Oru Kalluriyin Kathai () is a 2005 Indian Tamil-language romantic drama film written and directed by newcomer Nandha Periyasamy. It stars Arya and Sonia Agarwal alongside an ensemble supporting cast including Jaivarma, Santhanam, and Charuhasan. The music was composed by Yuvan Shankar Raja with editing by Kola Bhaskar and cinematography by R. Madhi. The film released in 2005 and was deemed a success upon its release.

Plot

Satya (Arya) planned to meet his five friends after five years of leaving college. Unfortunately, his father comes only to inform that Satya is in a coma. In a psycho test conducted by his doctor (Charuhasan), Satya reveals some of the incidents that happened in the early years of his college life. It turns out that he is in love with Jothi (Sonia Agarwal) after she helps him get in a train that he was about to miss. When Jothi enters the same college where he studies, he was so happy since he could see her more often. However, he never confesses his love to her, and it lasted until the farewell day as he heard Jothi advising her friend about this. Satya's narration ended here as he started shouting in the doctor's room.
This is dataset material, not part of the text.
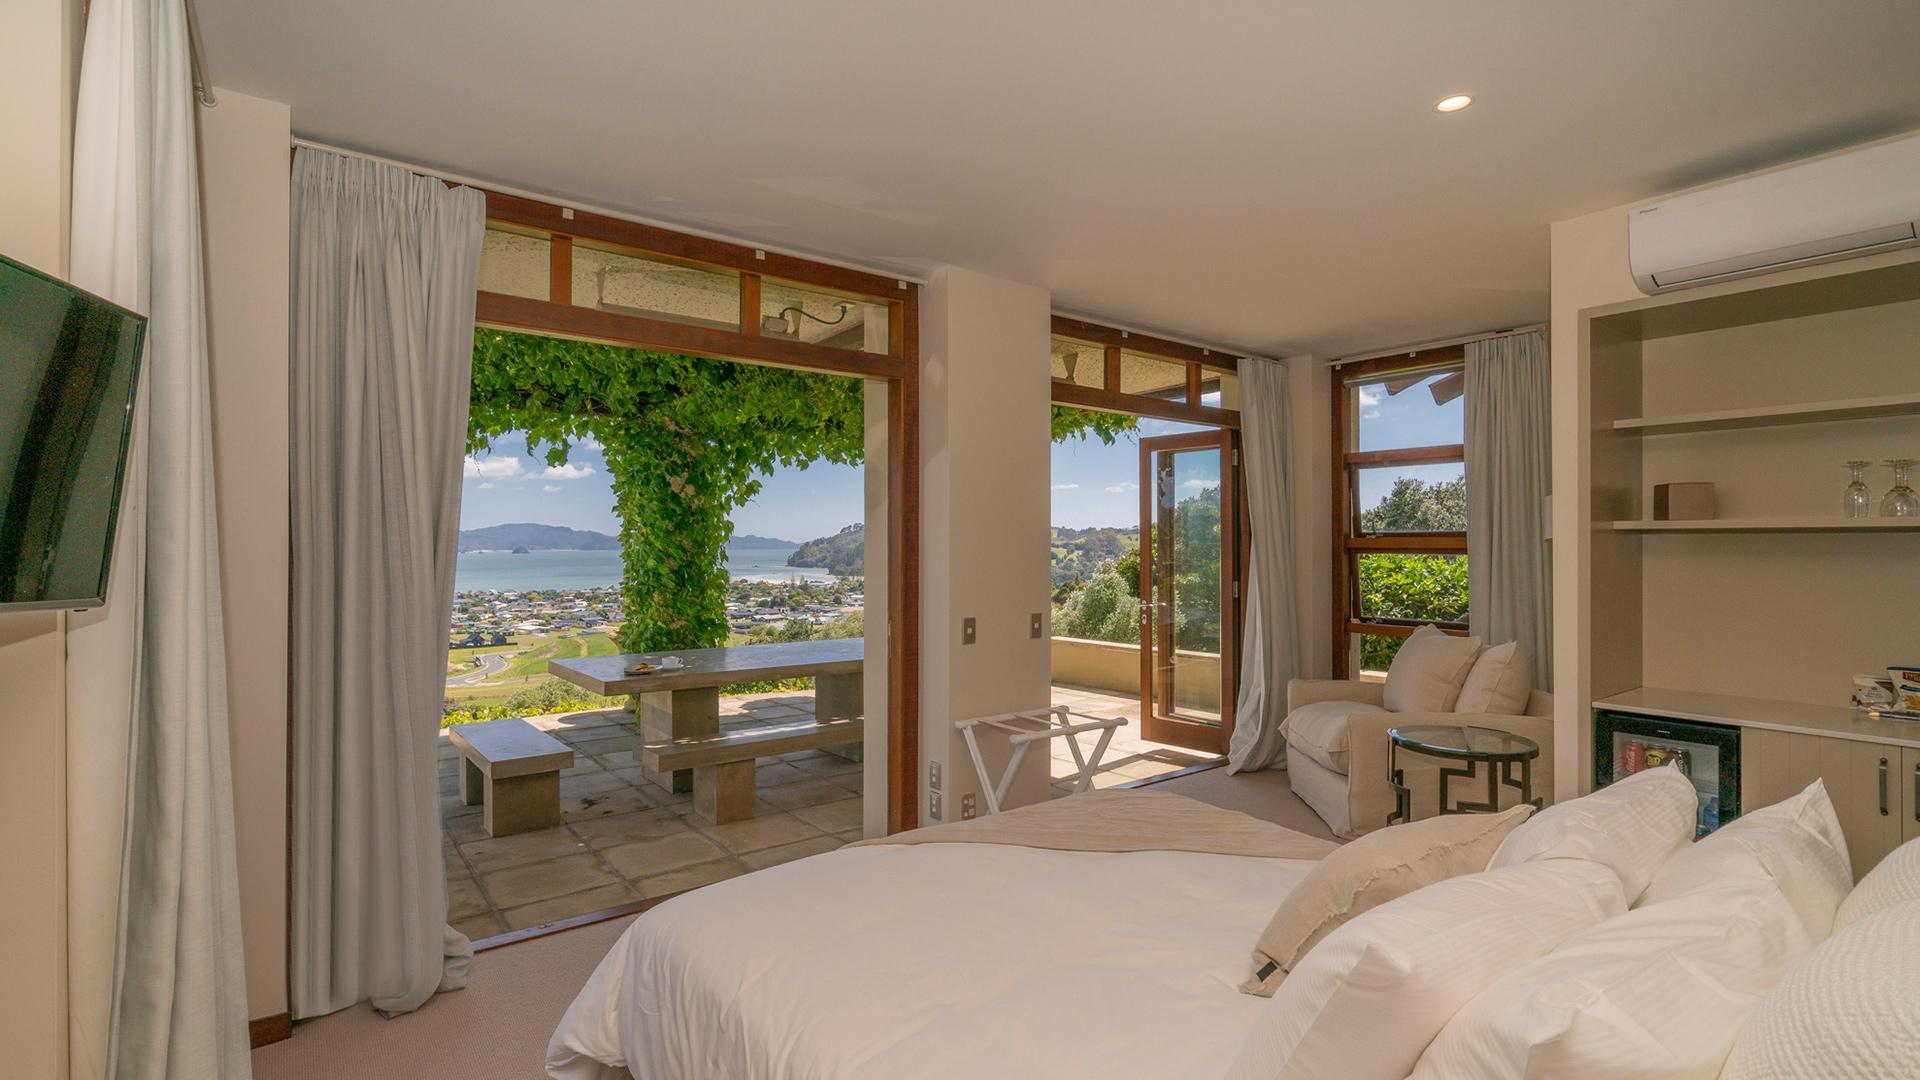 Entire Villa image 1 at Mercury Ridge by null, Waikato, New Zealand

Following the doctor's advice, Satya's friends decided to follow a treatment which will help Satya wake himself up from the coma. Agreeing to this, his friends, Chandru (Jaivarma), David (Santhanam), and more contacted, all the students from the batch 2000, help in this treatment. When they go finding for Jothi at her house, it was found out that Jothi is already engaged. Still, Chandru hid the truth that Satya loves Jothi to make her agree to their plan, and she agreed.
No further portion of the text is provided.